REQUIREMENT
Leave out the pictures and print the records below exactly.

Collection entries
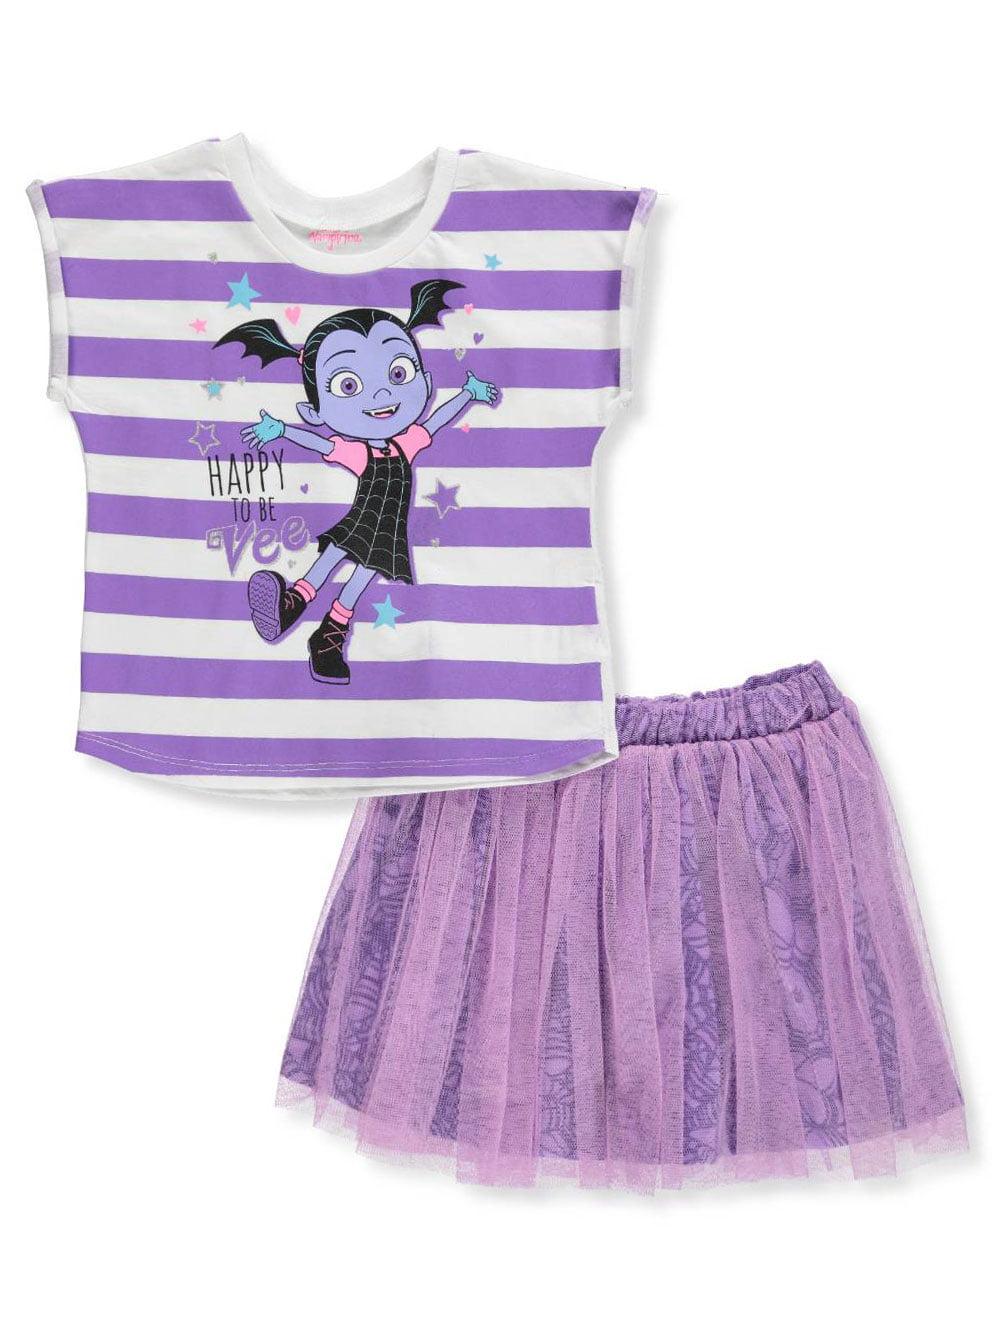 Disney Vampirina Girls 2-Piece Skirt Set Outfit
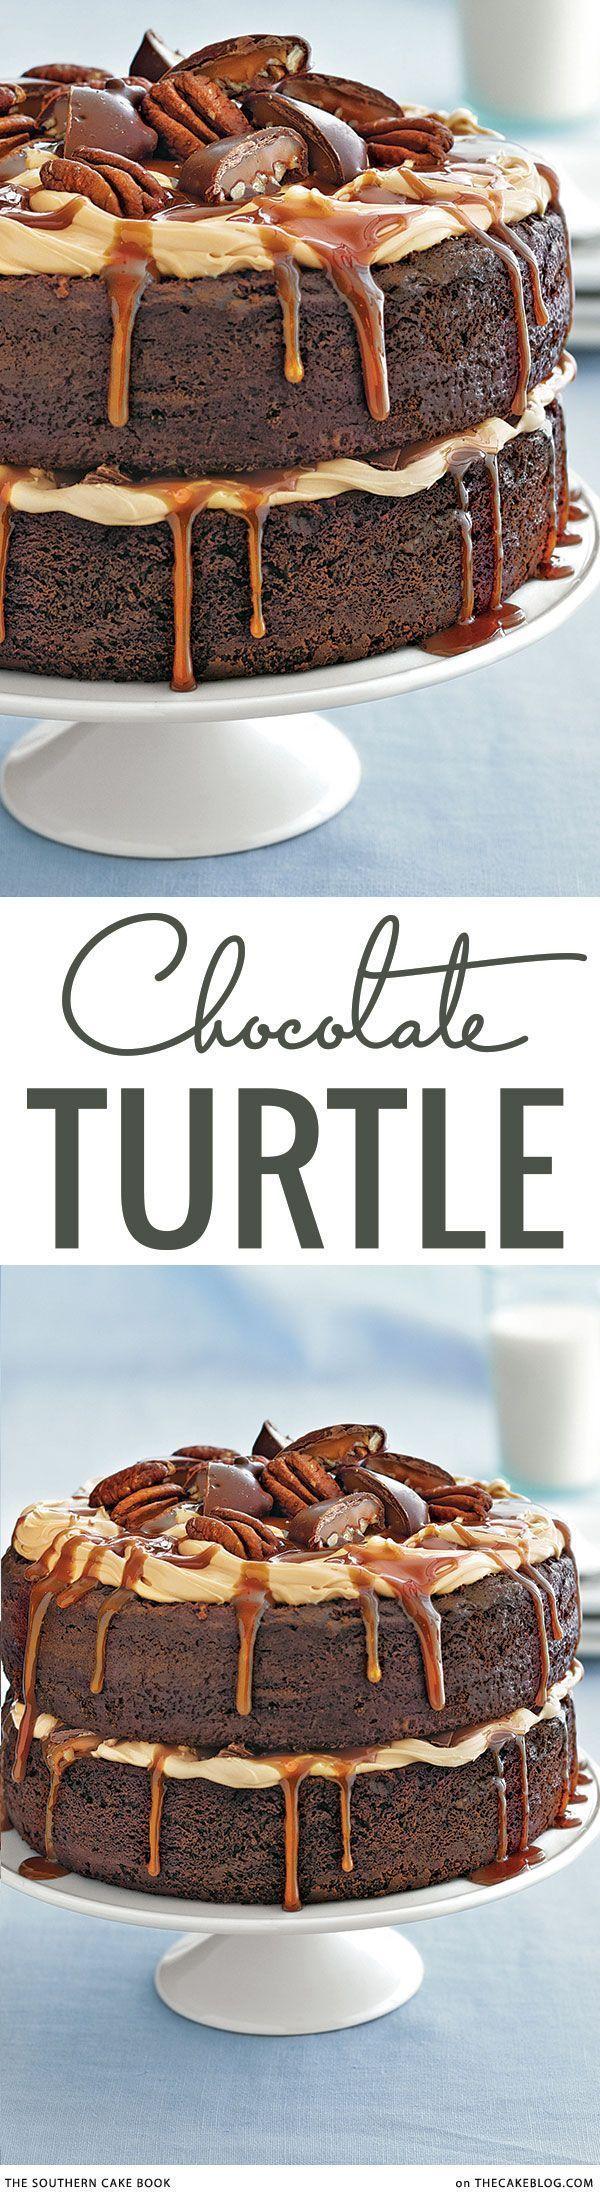 Chocolate, caramel and pecan heaven! Chocolate Turtle Cake Recipe | The Southern Cake Book on TheCakeBlog.com
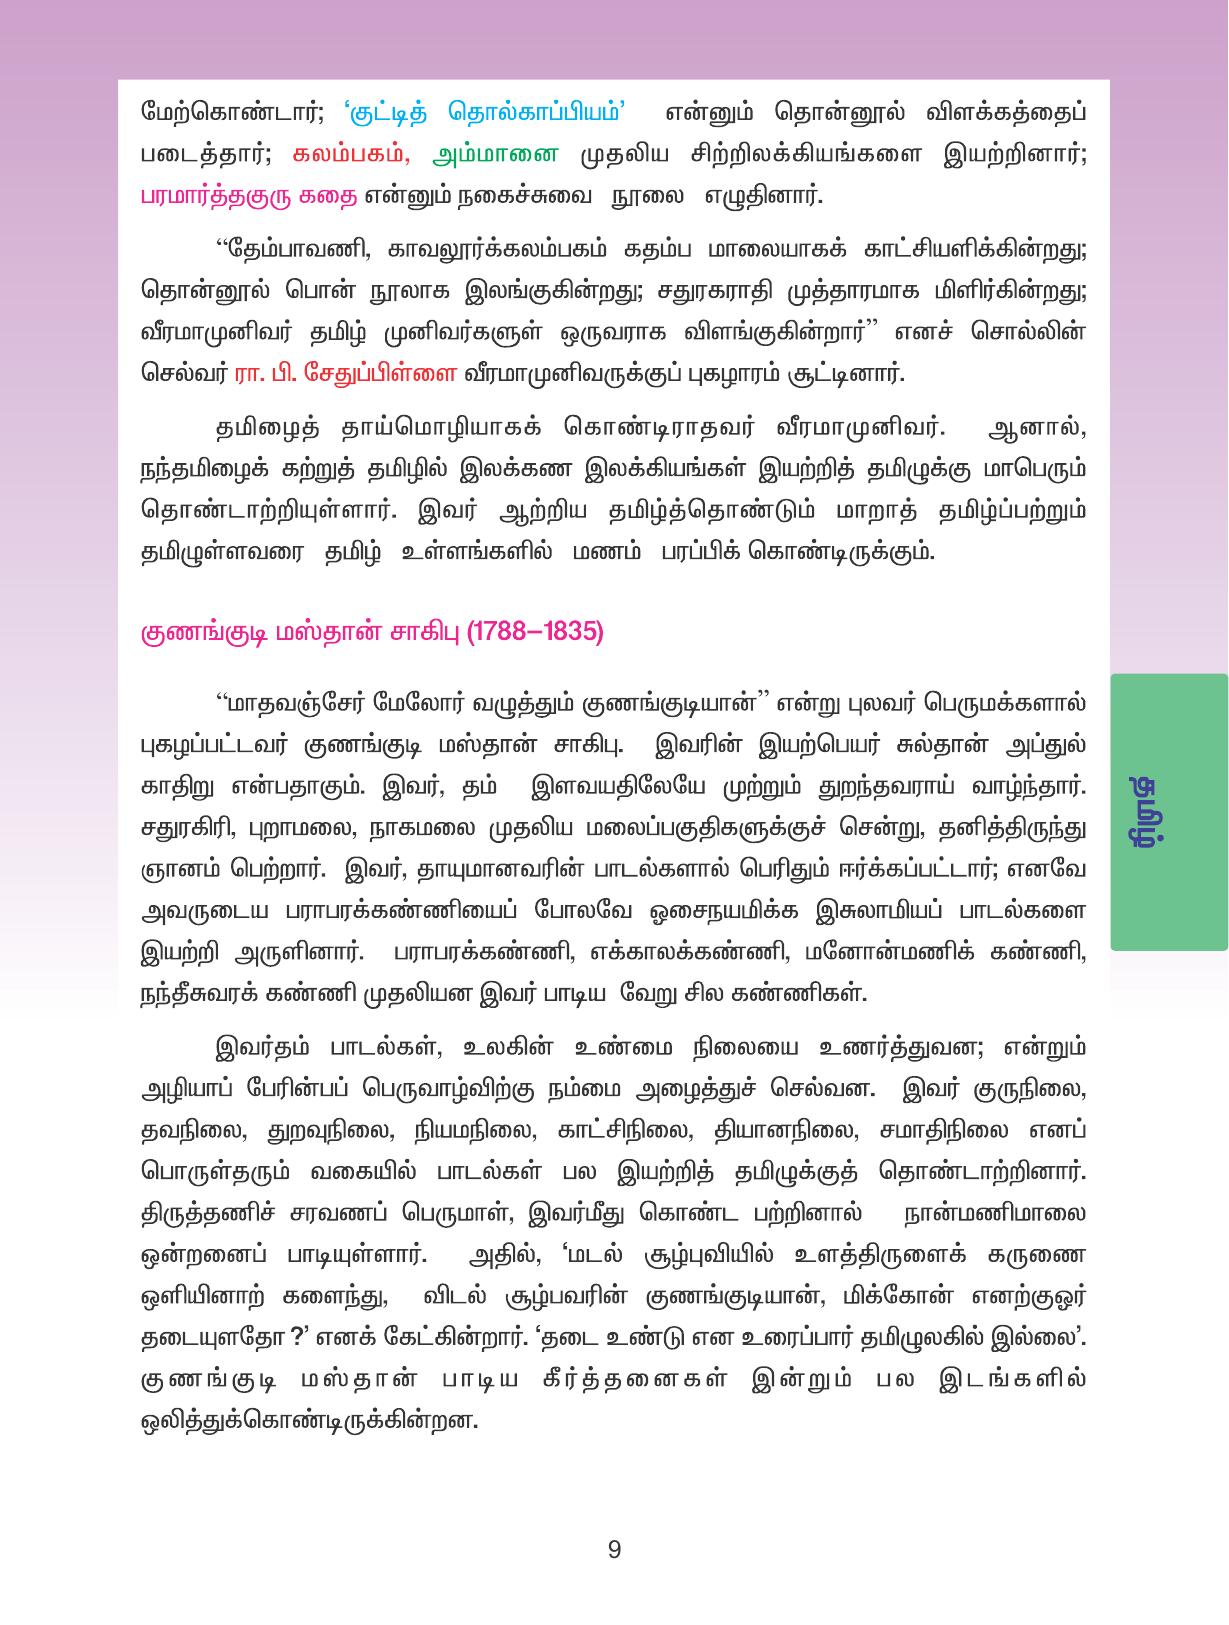 Grade Standard Class 08 Tamil Medium Text Book Page 02
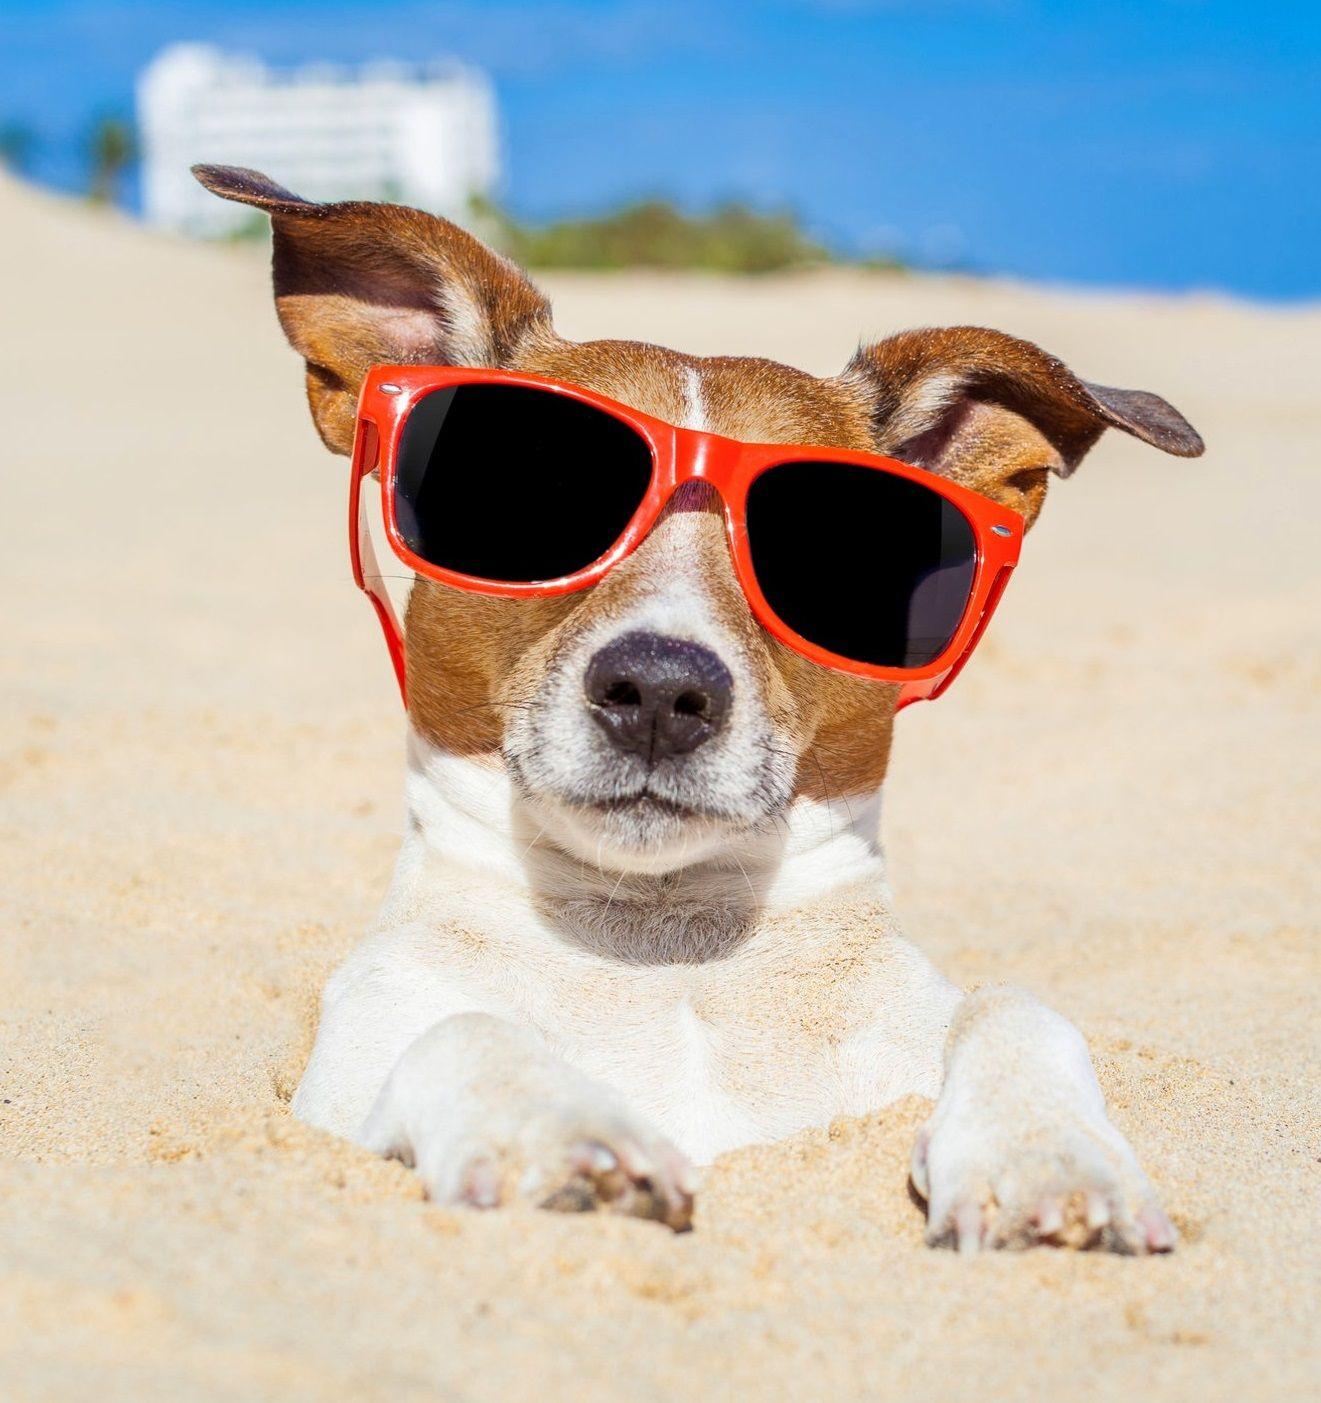 Pet Friendly Accommodations Restaurants More Jack Russell Dog Friends Dog Beach
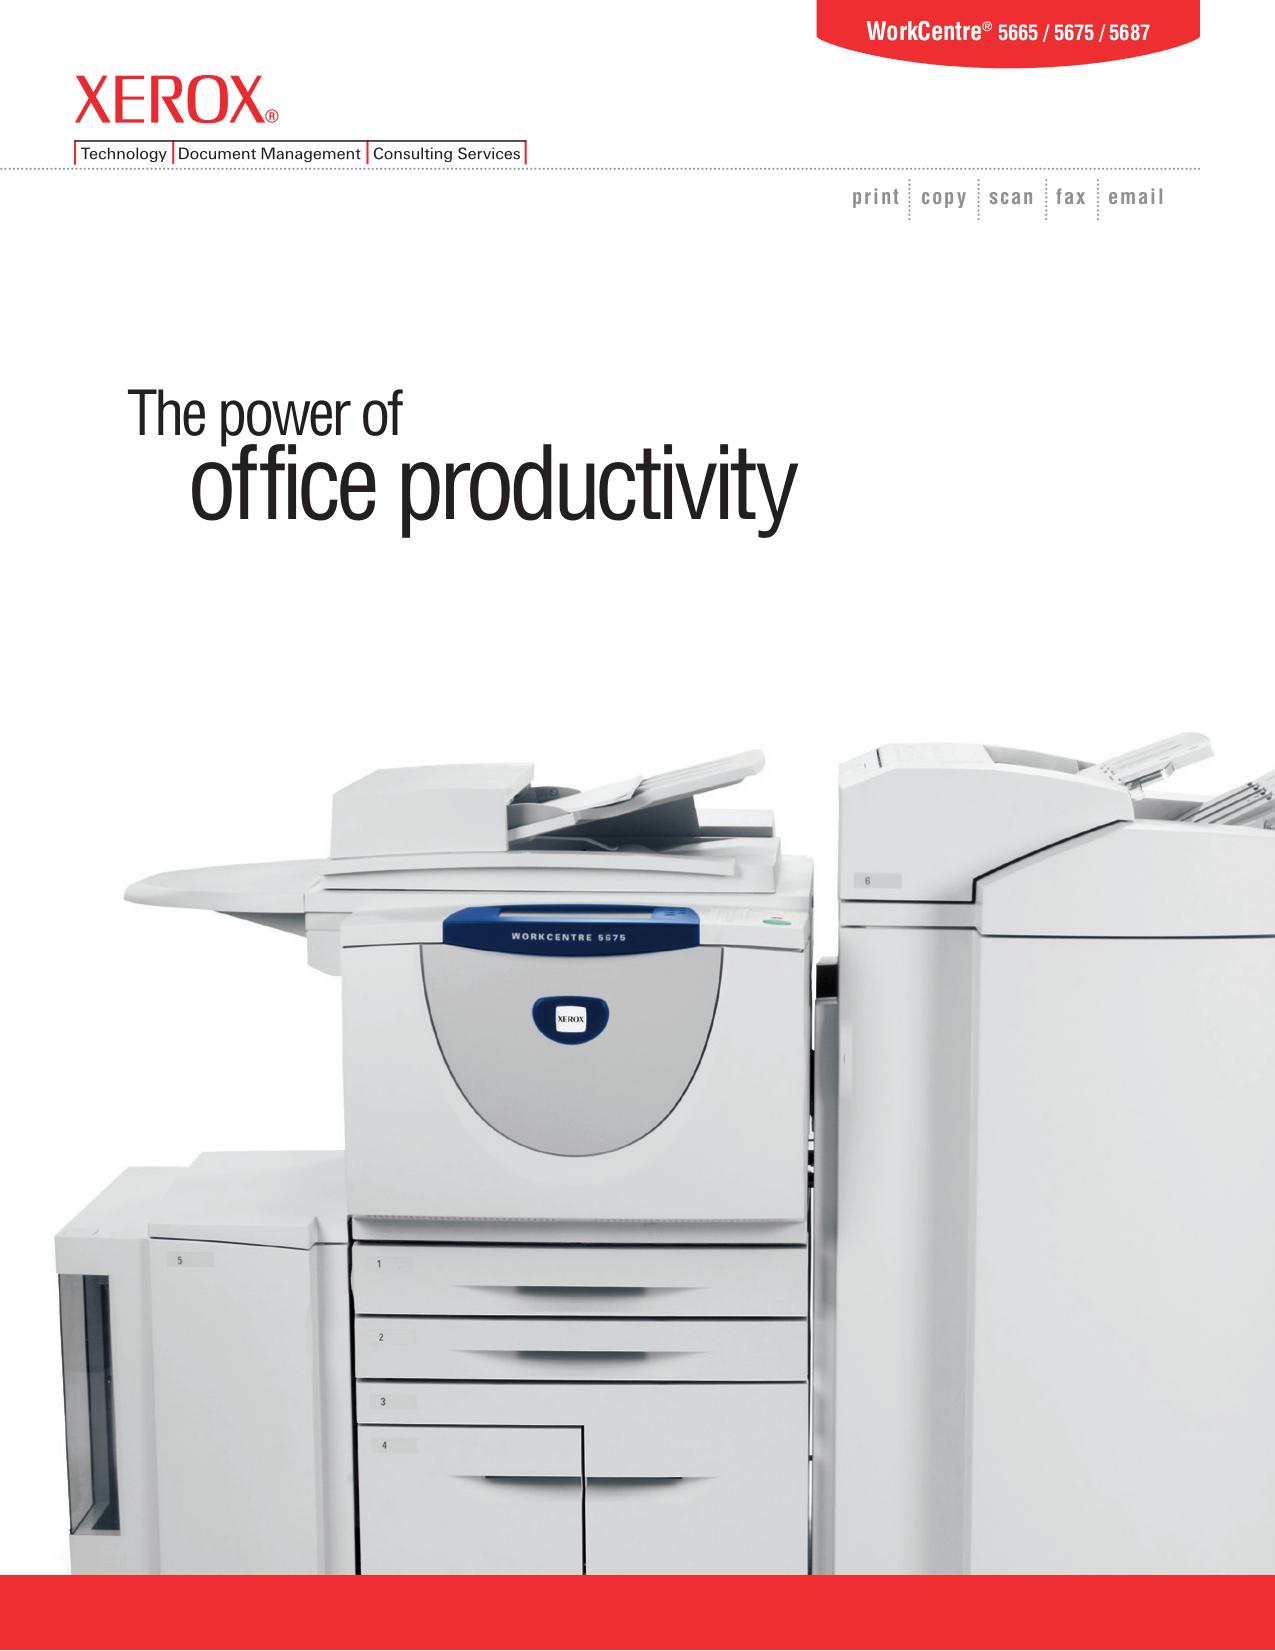 download free pdf for xerox workcentre 5665 multifunction printer manual rh umlib com xerox wc 5675 service manual Xerox WorkCentre 7845

SOLUTION FOR THIS TASK
 Disney Vampirina Girls 2-Piece Skirt Set Outfit
 Chocolate, caramel and pecan heaven! Chocolate Turtle Cake Recipe | The Southern Cake Book on TheCakeBlog.com
 Grade Standard Class 08 Tamil Medium Text Book Page 02
 Pet Friendly Accommodations Restaurants More Jack Russell Dog Friends Dog Beach
 download free pdf for xerox workcentre 5665 multifunction printer manual rh umlib com xerox wc 5675 service manual Xerox WorkCentre 7845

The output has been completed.